外の魔力を取り込めば、魔物と化す。もし、人としての形と精神を持ったままでいたいならば、外の魔力を使うことは考えないことである。現代の魔術士の基本である。
岩から魔力を取り込めば、体が岩に変わる。草木から取り込めば、草木に。空気から取り込めば、空気に。魔物から取り込めば、魔物に。
人は人の形を失わないために、見格好を整え、魔術のイメージを固定することで、そのリスクを最小限にした。自分の魔力だけに力を制限することで、人は人のまま、人を超越する力を使うことができる。

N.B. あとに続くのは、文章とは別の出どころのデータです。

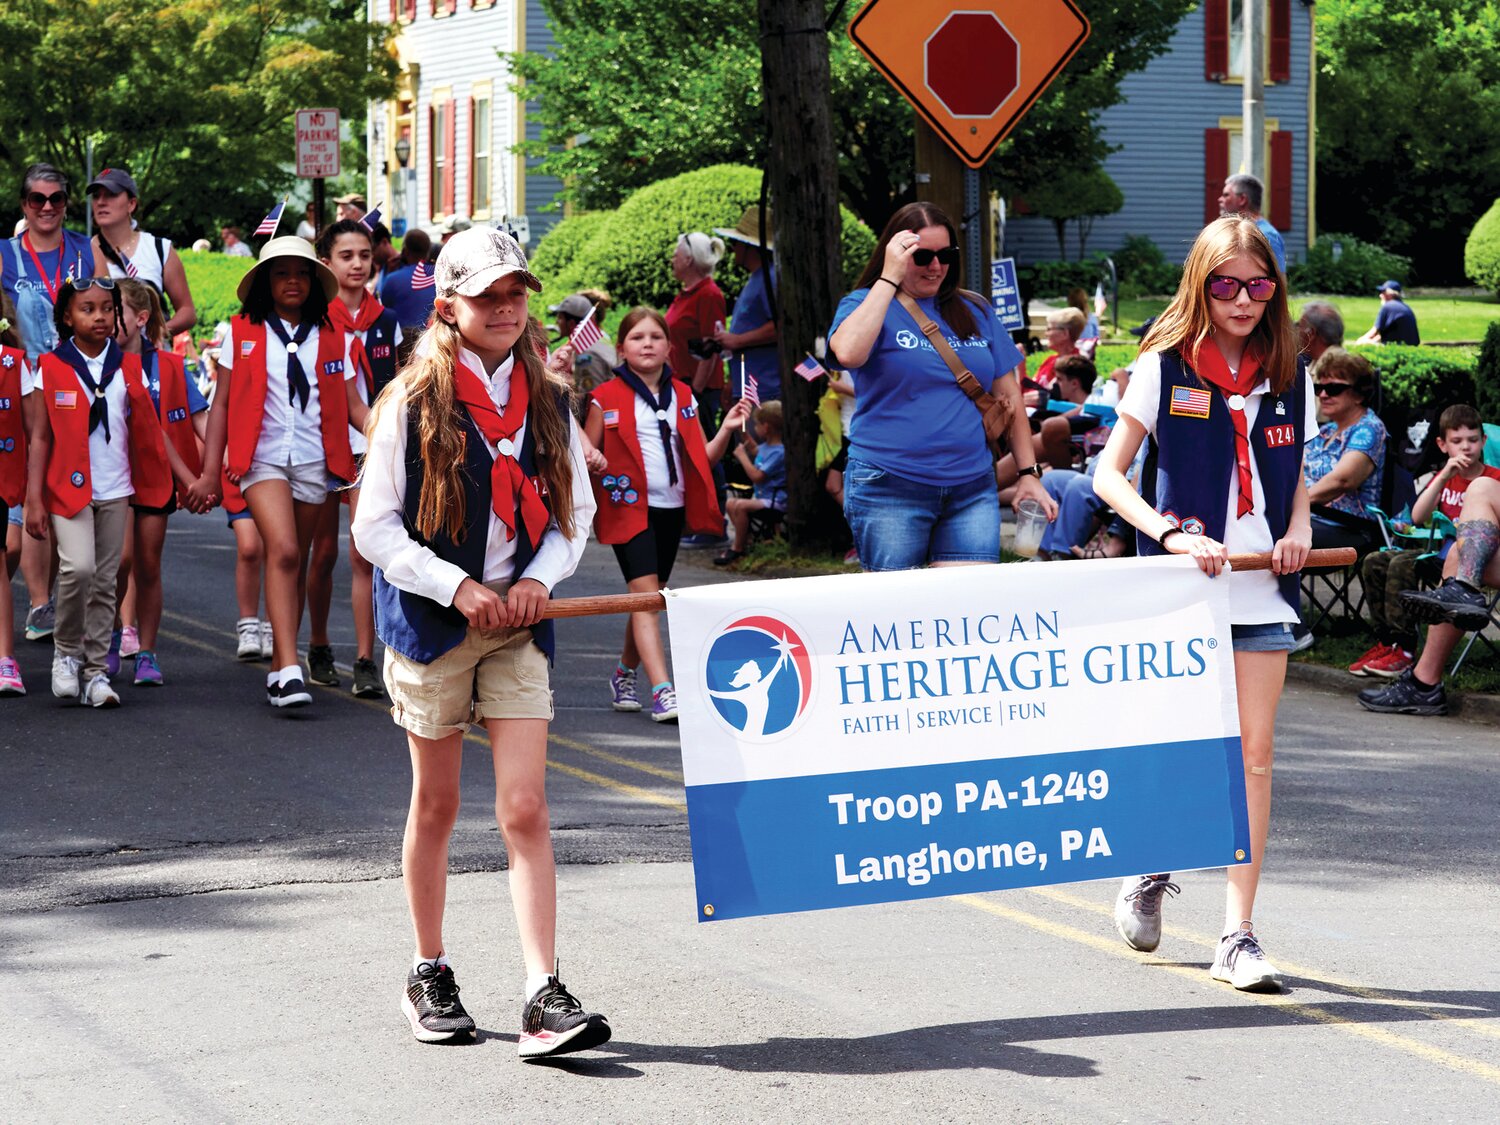 Members of American Heritage Girls Troop PA-1249 march in the parade.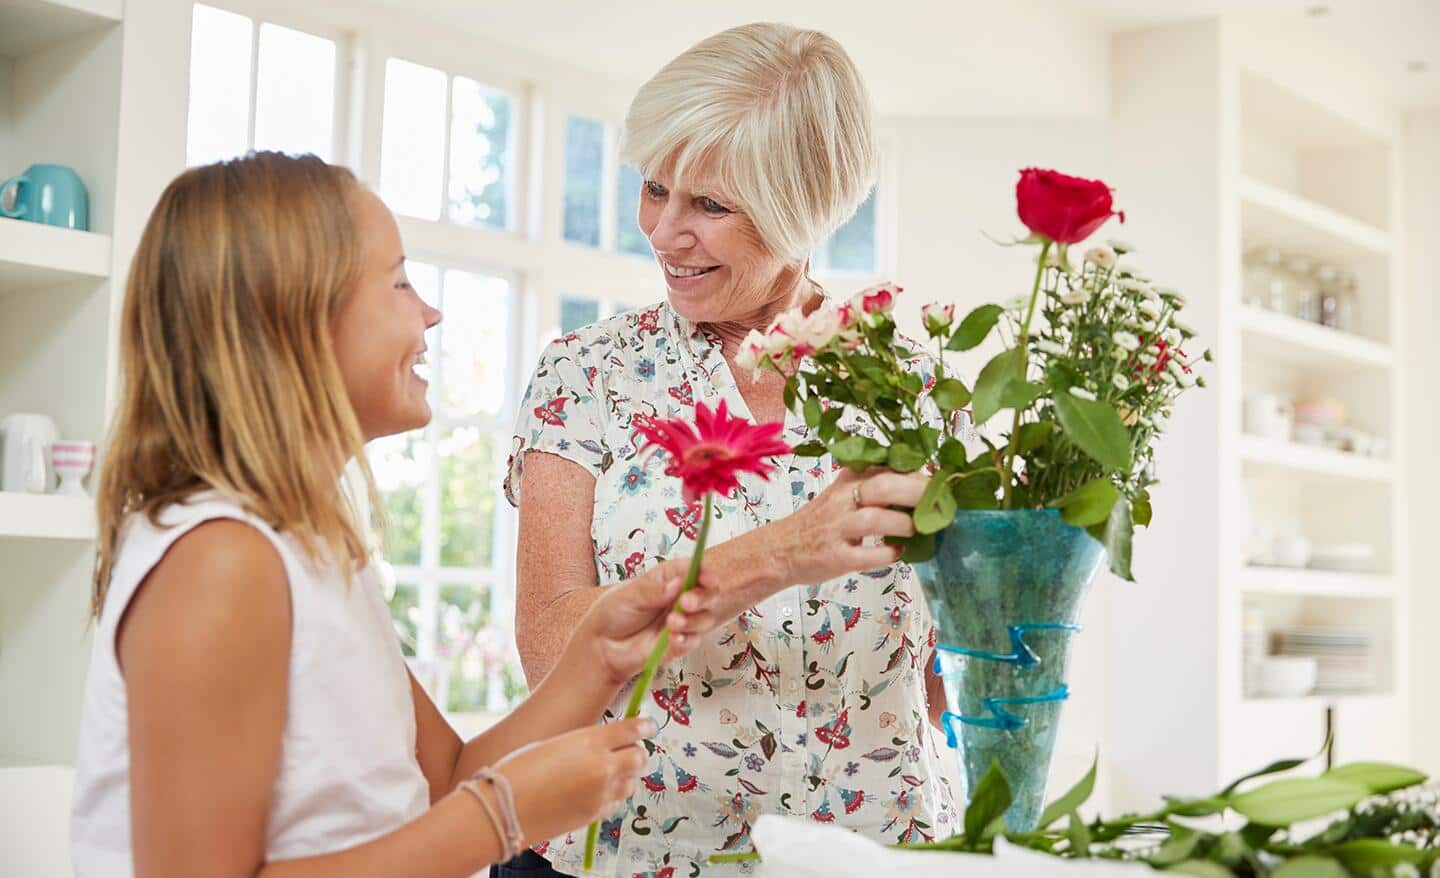 A woman and girl arranging cut roses in a vase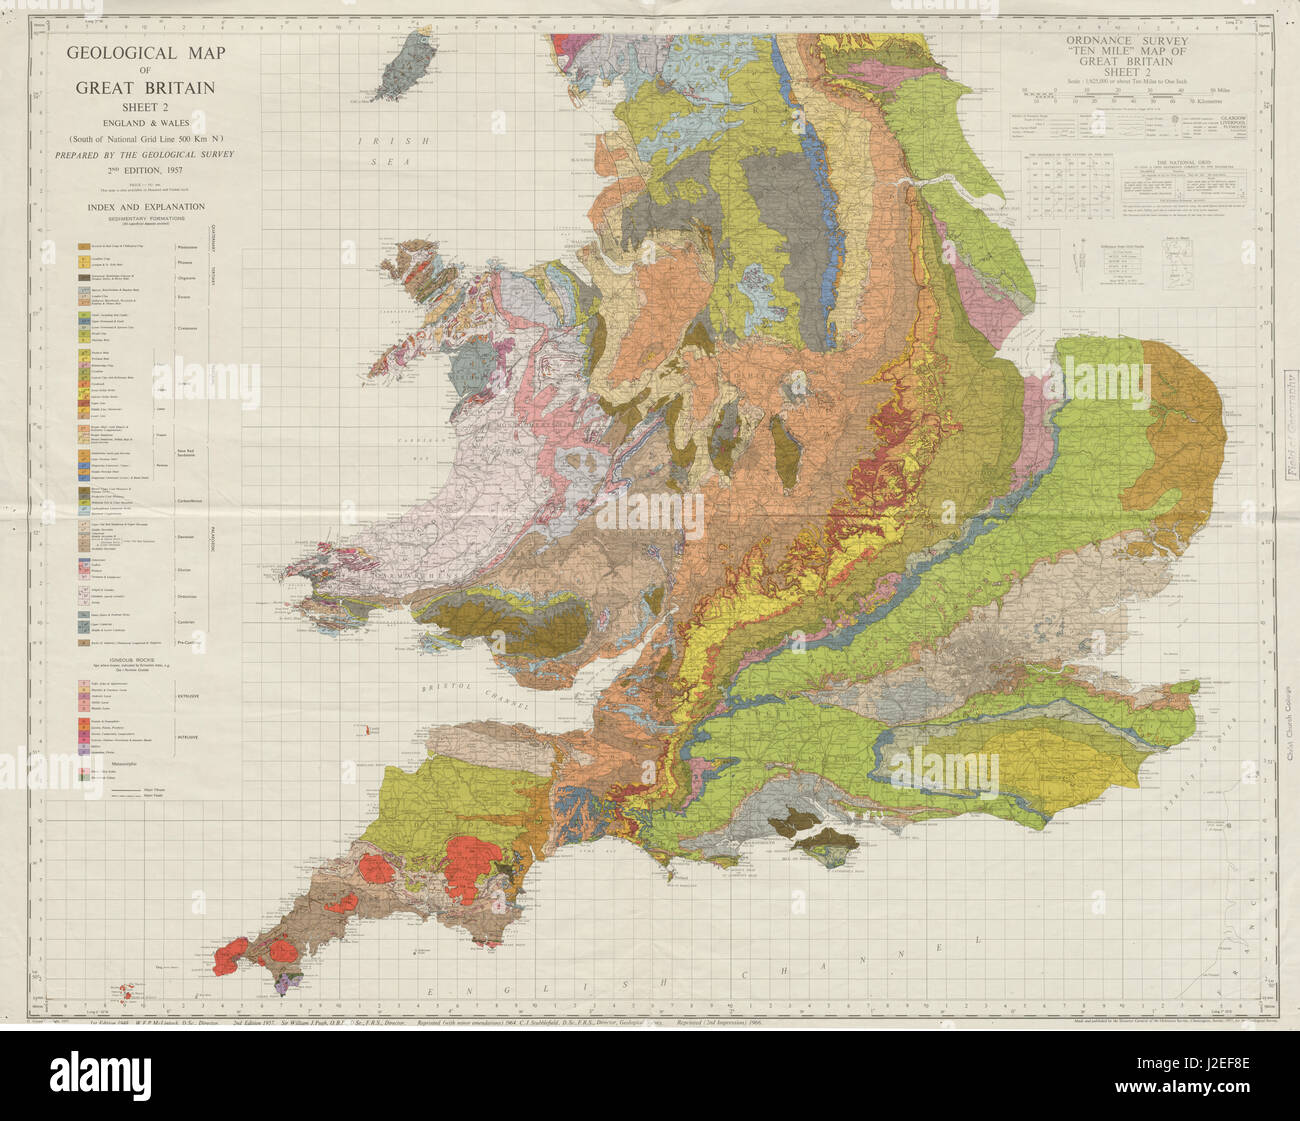 Image result for geology of england and wales

(ダウリさんが仕掛けた魔術だとは思えない。それにディルタのこの魔術。あきらかに実力を逸脱している。
私のせいで、こんなことになったの? 私がドレスを作ったから……)
このドレスは外の魔力を取り込む。おそらくはディルタの着るスーツも同じ力を持ったのだ。外の魔力を取り込んだことで、氷となってしまったのだとルナは考えた。
ルナの傷がカンナの魔力に修復されていく。同時に血と埃にまみれたドレスが、純白を取り戻していく。
カンナが身を震わせ、ルナは慌てて手を離した。
「うう! 気持ち悪! この何かが抜けていく感じ、最悪の気分だ……」
「ご、ごめん。ありがとう、カンナ」
ルシオが感心して口元を押さえ、何かを考えている。
「すごいな。使い魔魔術には、そんな使い方があるのか。緊急時の魔力貯蔵庫として使えるなら、沢山使い魔を作っておけば、魔術を使いたい放題じゃないか」
「カンナはかなり特別な造りです。全然、言うこと聞いてくれないし……。
使い魔を沢山使役すると、それだけ魔力を消費するから、他の魔術が使えなくなりそうですけどね」
カンナがルナの背中に回り込むように体を擦りつけた。巨体に押されてよろめく。
「そんなことより、まずいことになってるぜ。オルシアが攫われたみたいだ」
「え?」
カンナのいきなり話に、ルナは狼狽える。
「オリィ? どうして、そこで彼女が攫われるの? この街の破壊も、オリィを攫うためだったわけ?」
「知るか! けど、吸血鬼っぽい奴が、オルシアを抱えてるのを見たんだ」
「吸血鬼……。あいつか……!」
ルナには覚えがある。だが、あの吸血鬼は死んだはずだ。別の吸血鬼かも知れないが、何となくあいつは生きている気がしていた。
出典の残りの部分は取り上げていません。